(Aim of the exercise): Look through the records below and copy each line that includes the word "Stamps".

========

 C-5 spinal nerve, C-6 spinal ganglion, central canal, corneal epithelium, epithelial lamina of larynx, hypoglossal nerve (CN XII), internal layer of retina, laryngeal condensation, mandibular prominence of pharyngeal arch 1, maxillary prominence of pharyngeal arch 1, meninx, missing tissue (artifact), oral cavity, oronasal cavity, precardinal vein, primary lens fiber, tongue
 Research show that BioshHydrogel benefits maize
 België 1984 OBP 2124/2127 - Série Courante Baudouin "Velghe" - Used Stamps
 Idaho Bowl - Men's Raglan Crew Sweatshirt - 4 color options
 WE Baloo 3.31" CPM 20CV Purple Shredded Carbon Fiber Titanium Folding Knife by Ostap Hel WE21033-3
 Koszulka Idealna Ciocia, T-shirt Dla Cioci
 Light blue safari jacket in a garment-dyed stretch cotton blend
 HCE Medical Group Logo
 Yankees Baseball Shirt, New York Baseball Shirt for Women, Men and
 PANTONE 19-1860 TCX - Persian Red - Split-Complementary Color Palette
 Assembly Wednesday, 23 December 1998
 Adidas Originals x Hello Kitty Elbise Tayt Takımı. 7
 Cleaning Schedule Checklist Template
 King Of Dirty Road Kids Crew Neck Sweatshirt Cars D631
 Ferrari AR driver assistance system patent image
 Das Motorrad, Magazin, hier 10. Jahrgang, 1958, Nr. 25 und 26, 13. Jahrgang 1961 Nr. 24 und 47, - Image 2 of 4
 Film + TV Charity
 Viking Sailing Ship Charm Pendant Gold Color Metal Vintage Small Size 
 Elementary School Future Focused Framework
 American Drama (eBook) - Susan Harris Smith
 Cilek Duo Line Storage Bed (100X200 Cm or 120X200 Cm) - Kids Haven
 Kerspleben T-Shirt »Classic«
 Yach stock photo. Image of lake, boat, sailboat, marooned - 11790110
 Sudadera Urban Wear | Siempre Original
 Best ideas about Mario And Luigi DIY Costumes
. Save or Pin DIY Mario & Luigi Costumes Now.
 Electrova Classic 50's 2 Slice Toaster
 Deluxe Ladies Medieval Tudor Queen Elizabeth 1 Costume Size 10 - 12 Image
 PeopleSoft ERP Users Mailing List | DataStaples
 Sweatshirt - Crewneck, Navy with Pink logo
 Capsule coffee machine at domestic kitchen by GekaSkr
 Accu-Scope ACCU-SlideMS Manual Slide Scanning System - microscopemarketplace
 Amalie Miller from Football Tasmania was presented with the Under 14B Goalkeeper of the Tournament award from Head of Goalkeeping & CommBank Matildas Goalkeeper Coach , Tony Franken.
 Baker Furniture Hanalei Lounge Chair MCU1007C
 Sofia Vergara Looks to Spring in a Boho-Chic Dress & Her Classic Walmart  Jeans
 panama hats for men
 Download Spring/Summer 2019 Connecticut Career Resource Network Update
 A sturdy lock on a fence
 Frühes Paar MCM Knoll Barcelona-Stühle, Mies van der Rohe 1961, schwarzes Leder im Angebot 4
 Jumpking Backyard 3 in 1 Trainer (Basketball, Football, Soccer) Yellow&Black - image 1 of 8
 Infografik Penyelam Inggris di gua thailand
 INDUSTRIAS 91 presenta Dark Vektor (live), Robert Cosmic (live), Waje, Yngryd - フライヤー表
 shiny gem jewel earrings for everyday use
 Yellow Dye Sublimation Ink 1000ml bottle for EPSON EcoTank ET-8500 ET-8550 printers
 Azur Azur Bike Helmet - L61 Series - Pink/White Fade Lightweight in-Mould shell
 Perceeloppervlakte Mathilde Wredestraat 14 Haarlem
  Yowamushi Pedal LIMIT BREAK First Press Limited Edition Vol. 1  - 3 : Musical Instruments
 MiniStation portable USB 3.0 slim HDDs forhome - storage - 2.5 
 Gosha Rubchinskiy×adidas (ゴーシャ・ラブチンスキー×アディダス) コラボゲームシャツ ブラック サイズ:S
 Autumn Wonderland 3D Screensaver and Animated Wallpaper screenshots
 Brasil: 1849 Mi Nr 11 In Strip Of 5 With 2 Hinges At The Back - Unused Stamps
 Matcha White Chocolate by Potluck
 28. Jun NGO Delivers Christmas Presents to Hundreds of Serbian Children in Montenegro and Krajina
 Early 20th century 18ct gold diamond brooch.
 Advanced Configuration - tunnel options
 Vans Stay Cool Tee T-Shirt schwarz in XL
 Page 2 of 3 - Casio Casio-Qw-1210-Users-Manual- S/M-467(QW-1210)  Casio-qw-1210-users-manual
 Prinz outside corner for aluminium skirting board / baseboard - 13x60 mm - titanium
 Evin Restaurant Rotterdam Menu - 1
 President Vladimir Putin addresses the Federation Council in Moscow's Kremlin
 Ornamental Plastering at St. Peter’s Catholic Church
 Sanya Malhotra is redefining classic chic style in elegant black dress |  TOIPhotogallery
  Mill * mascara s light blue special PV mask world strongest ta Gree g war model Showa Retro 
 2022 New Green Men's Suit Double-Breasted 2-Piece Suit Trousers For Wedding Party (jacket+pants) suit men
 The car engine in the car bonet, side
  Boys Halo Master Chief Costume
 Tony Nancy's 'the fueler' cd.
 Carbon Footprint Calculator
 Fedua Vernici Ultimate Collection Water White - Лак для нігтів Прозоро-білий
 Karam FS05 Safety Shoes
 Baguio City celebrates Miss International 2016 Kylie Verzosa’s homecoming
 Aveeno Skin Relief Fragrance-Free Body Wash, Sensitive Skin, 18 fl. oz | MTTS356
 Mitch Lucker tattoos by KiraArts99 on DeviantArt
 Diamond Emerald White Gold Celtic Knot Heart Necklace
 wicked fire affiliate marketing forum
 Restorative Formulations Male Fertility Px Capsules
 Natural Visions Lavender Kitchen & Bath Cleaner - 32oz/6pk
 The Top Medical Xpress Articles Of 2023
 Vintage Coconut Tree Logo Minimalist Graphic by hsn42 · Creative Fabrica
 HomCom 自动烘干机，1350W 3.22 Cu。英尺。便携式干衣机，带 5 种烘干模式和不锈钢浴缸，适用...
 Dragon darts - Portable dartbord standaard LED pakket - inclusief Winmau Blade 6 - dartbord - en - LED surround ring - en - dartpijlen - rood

========

(Response area):
 België 1984 OBP 2124/2127 - Série Courante Baudouin "Velghe" - Used Stamps
 Brasil: 1849 Mi Nr 11 In Strip Of 5 With 2 Hinges At The Back - Unused Stamps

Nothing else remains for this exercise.